**DIRECTIONS**:
Make an exact copy of the listing, without images.

**STORED DATA**:

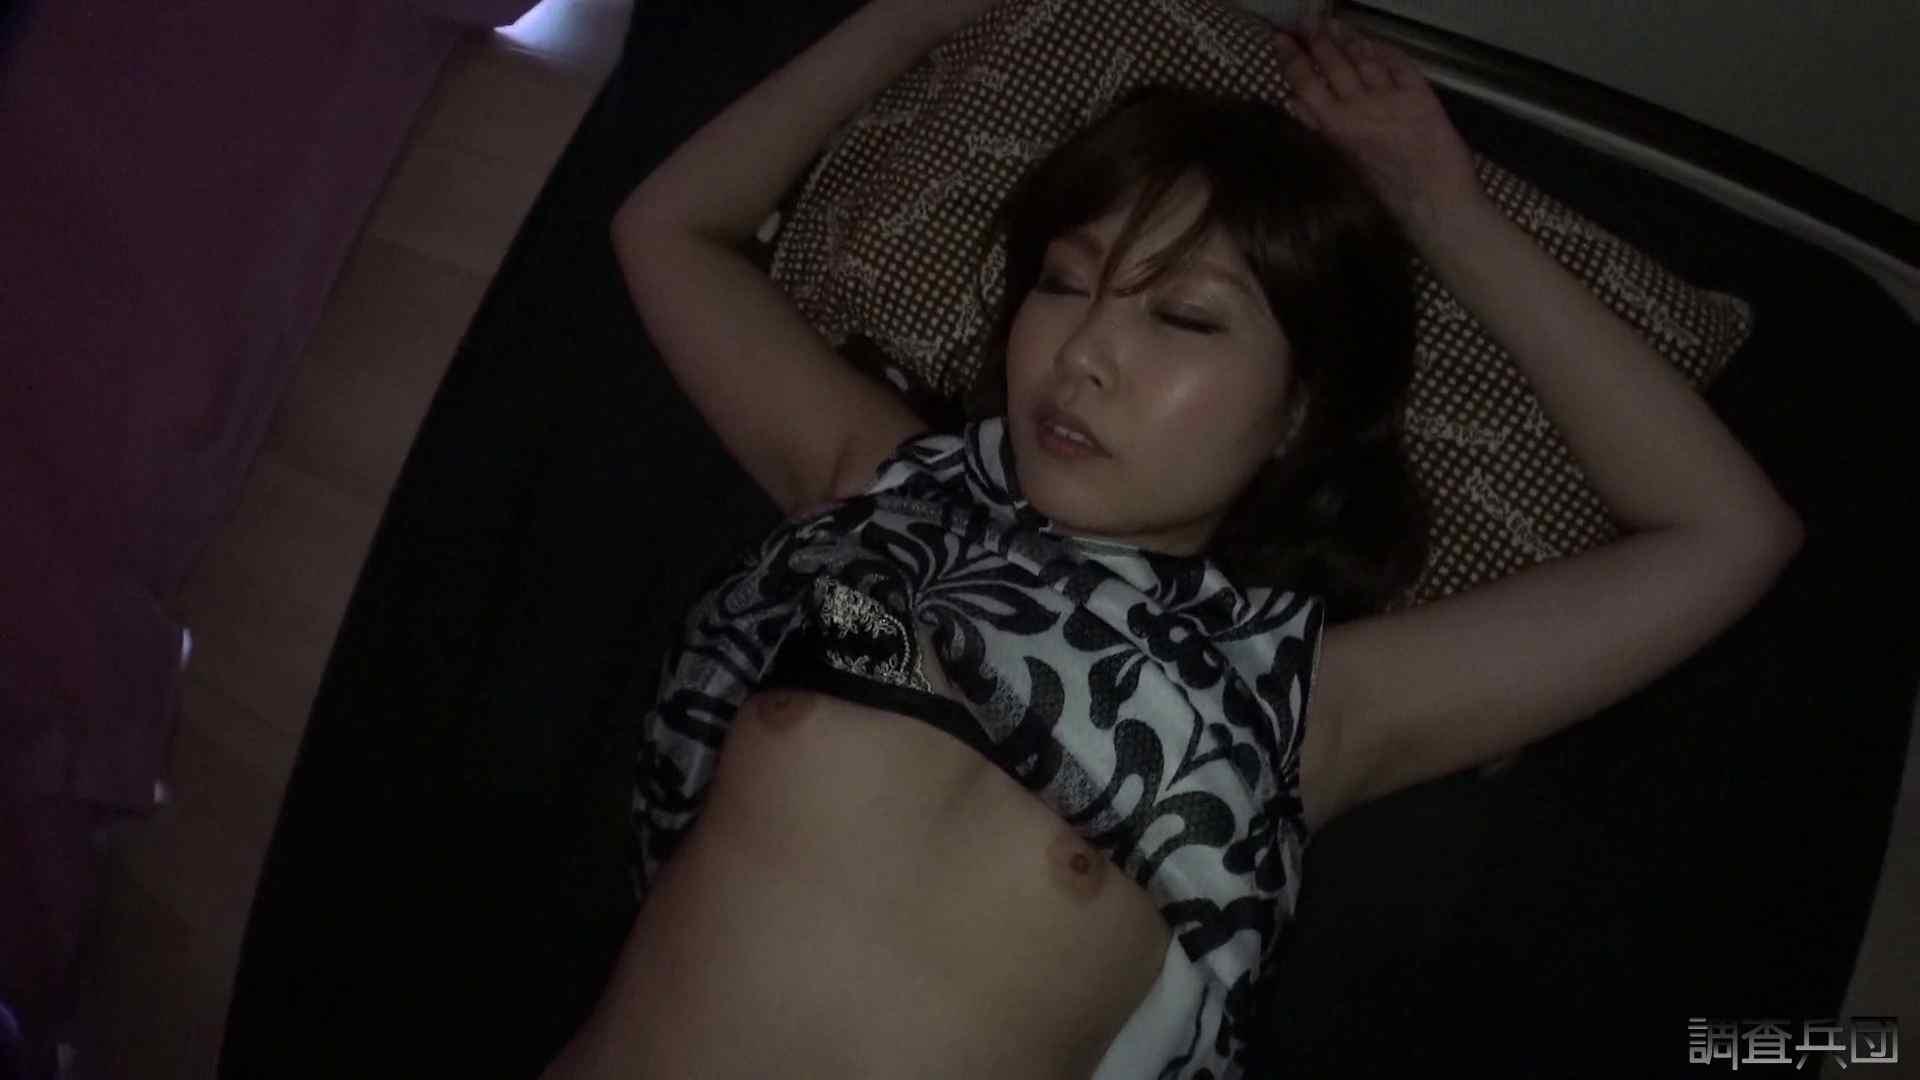 RE:~反撃の悪戯~vol.21 V系追っかけギャル・ナオコ【前編】 OL  111pic 86
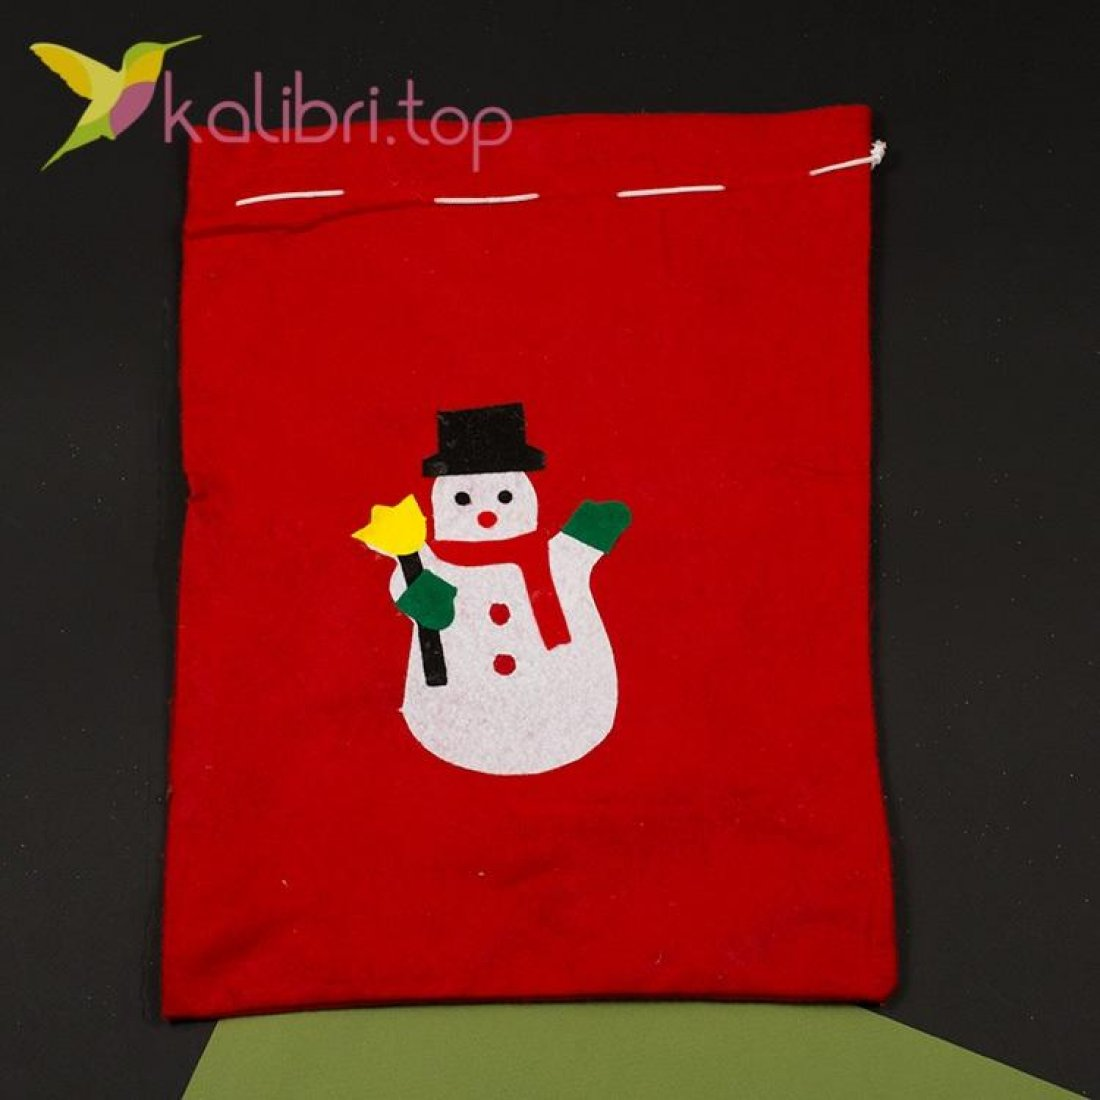 Мешок для подарков средний микс, оптом фото 3
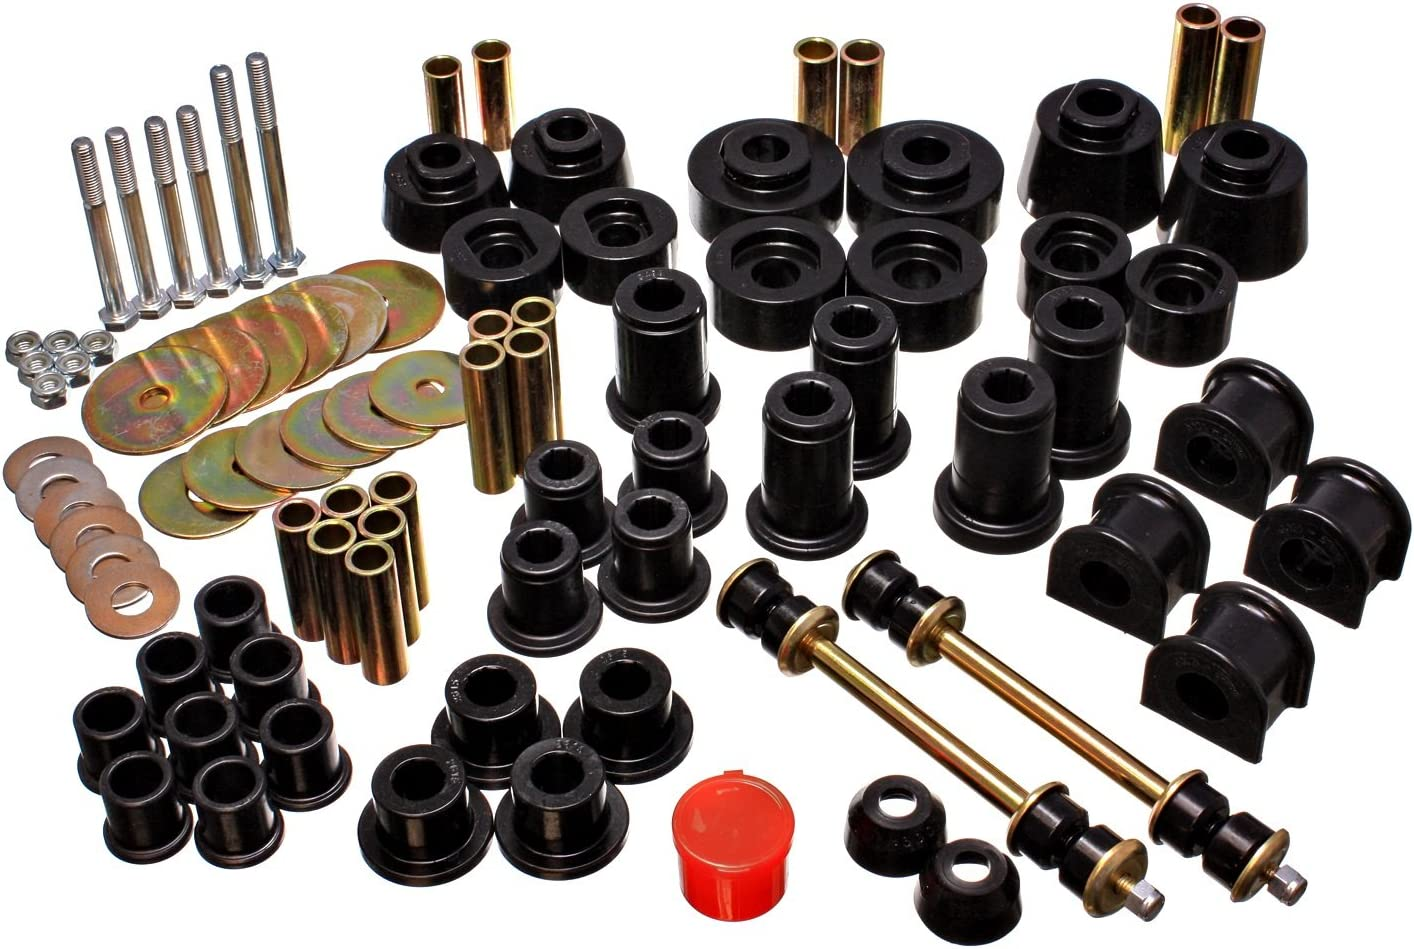 Color : BLACK, Length : 37mm, Size : M3 10PCS YJZG 10pcs M2 M2.5 M3 M4 Round Aluminum Column Rods Standoff Colourful Spacer Stud Fastener for Multirotor

**ANSWER TO THE PROBLEM**:
 RE:~反撃の悪戯~vol.21 V系追っかけギャル・ナオコ【前編】 OL  111pic 86
 Мешок для подарков средний микс, оптом фото 3
 Color : BLACK, Length : 37mm, Size : M3 10PCS YJZG 10pcs M2 M2.5 M3 M4 Round Aluminum Column Rods Standoff Colourful Spacer Stud Fastener for Multirotor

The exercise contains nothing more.